本発明およびその利点は、下記の説明および実施例に照らして容易に理解し得るであろう。
【発明を実施するための形態】
【0011】
I. 使用する測定および試験法
1,2,4‐トリアジン加硫促進剤を試験するゴム組成物は、以下で示すように、硬化の前後において特性決定する。
【0012】
ムーニー可塑度:
フランス規格NF T 43‐005(1991年)に記載されているような振動(oscillating)稠度計を使用する。ムーニー可塑度測定は、次の原理に従って実施する:生状態(即ち、硬化前)の組成物を100℃に加熱した円筒状チャンバー内で成形する。1分間の予熱後、ローターが試験標本内で2回転/分で回転し、この運動を維持するための仕事トルクを4分間の回転後に測定する。ムーニー可塑度(ML 1 + 4)は、“ムーニー単位”(UM、1UM = 0.83ニュートン.メートル)で表す。
【0013】
流動度測定:
測定は、規格DIN 53529:パート3 (1983年6月)従い、振動ディスクレオメーターによって150℃で実施する。時間の関数としての流動度測定トルクの変化(Δトルク)によって、加硫反応の結果として組成物の剛化の変化を説明する。測定値を規格DIN 53529:パート2 (1983年3月)従い処理する:t0は、誘導時間、即ち、加硫反応を開始するのに必要な時間であり;tα(例えば、t99)は、α%の転換率、即ち、最低トルクと最高トルクとの差のα%(例えば、99%)を達成するのに必要な時間である。また、加硫速度の評価を可能にする、第1順位であり、30%と80%の転換率の間で算出したK (分-1で表す)で示す転換速度定数も測定する。
【0014】
引張試験:
これらの引張試験は、弾性応力および破断点諸特性の測定を可能にする。特に断らない限り、これらの試験は、1988年9月のフランス規格 NF T 46‐002に従って行う。公称割線モジュラス(即ち、MPaでの見掛け応力)を、10%伸び(MA10と記す)、100%伸び(MA100と記す)および300%伸び(MA300と記す)において、2回目の伸びにおいて(即ち、測定自体で目論んだ伸びの度合においての順応サイクル後に)測定する。

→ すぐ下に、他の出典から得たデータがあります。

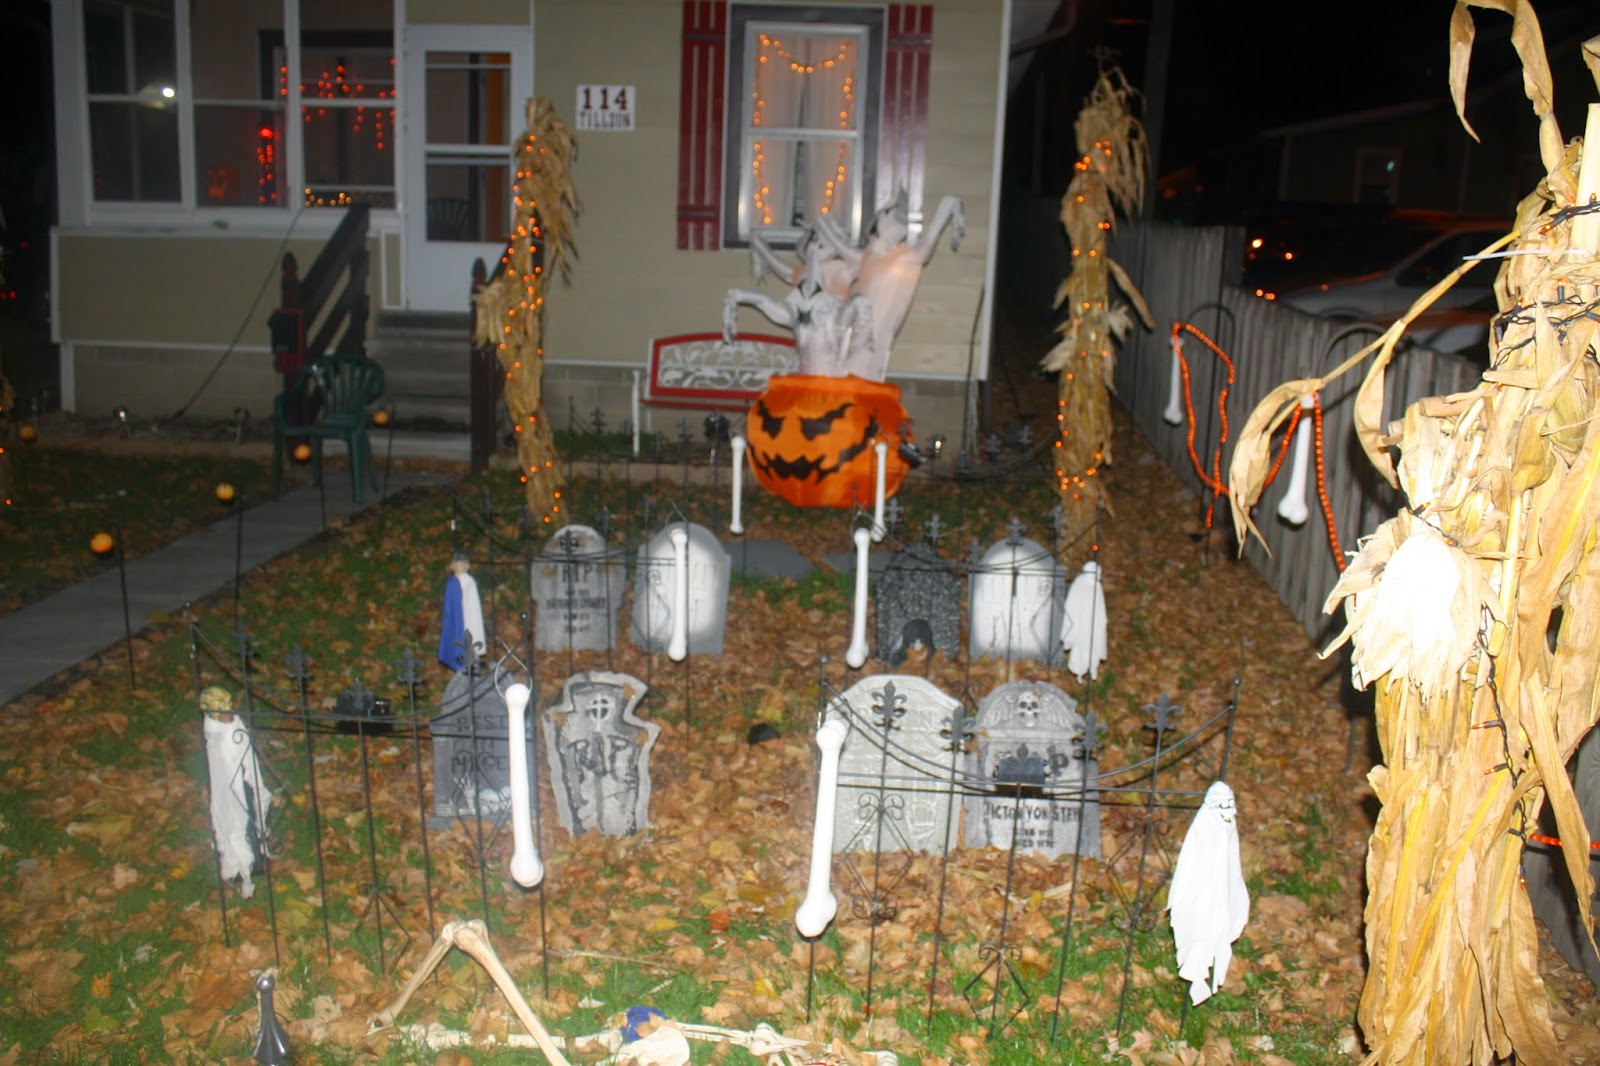 Dominik S Highschool Year In America Halloween

破壊応力(MPaでの)および破断点伸び(%での)も測定する。これらの引張測定は、全て100±2℃において、また、標準の湿度条件(50±5%相対湿度)下に、フランス規格NF T 46‐101 (1979年12月)に従って実施する。
【0015】
動的特性:
動的特性(ΔG*およびtan(δ)max)は、規格ASTM D 5992‐96に従って、粘度アナライザー(Metravib VA4000)において測定する。単純な交互正弦剪断応力に10Hzの周波数で規格ASTM D 1349‐99に従う標準温度条件(23℃)または場合によっては異なる温度に供した加硫組成物のサンプル(厚さ4mmおよび400mm2の断面積を有する円筒状試験片)の応答を記録する。歪み振幅掃引を、0.1%から45%まで(外向きサイクル)、次いで45%から0.1%まで(戻りサイクル)で実施する。使用する結果は、複素動的剪断モジュラス(G*)および損失係数tan(δ)である。tan(δ)maxで示す観察されたtan(δ)の最高値および0.1%歪みでの値と45%歪みでの値間の複素弾性率の差(ΔG*) (パイネ効果)は、戻りサイクルにおいて示される。
【0016】
II. 本発明を実施するための条件
上記で説明したように、本発明に従う組成物は、1種以上のジエンエラストマー、1種以上の補強用充填剤および加硫系をベースとする。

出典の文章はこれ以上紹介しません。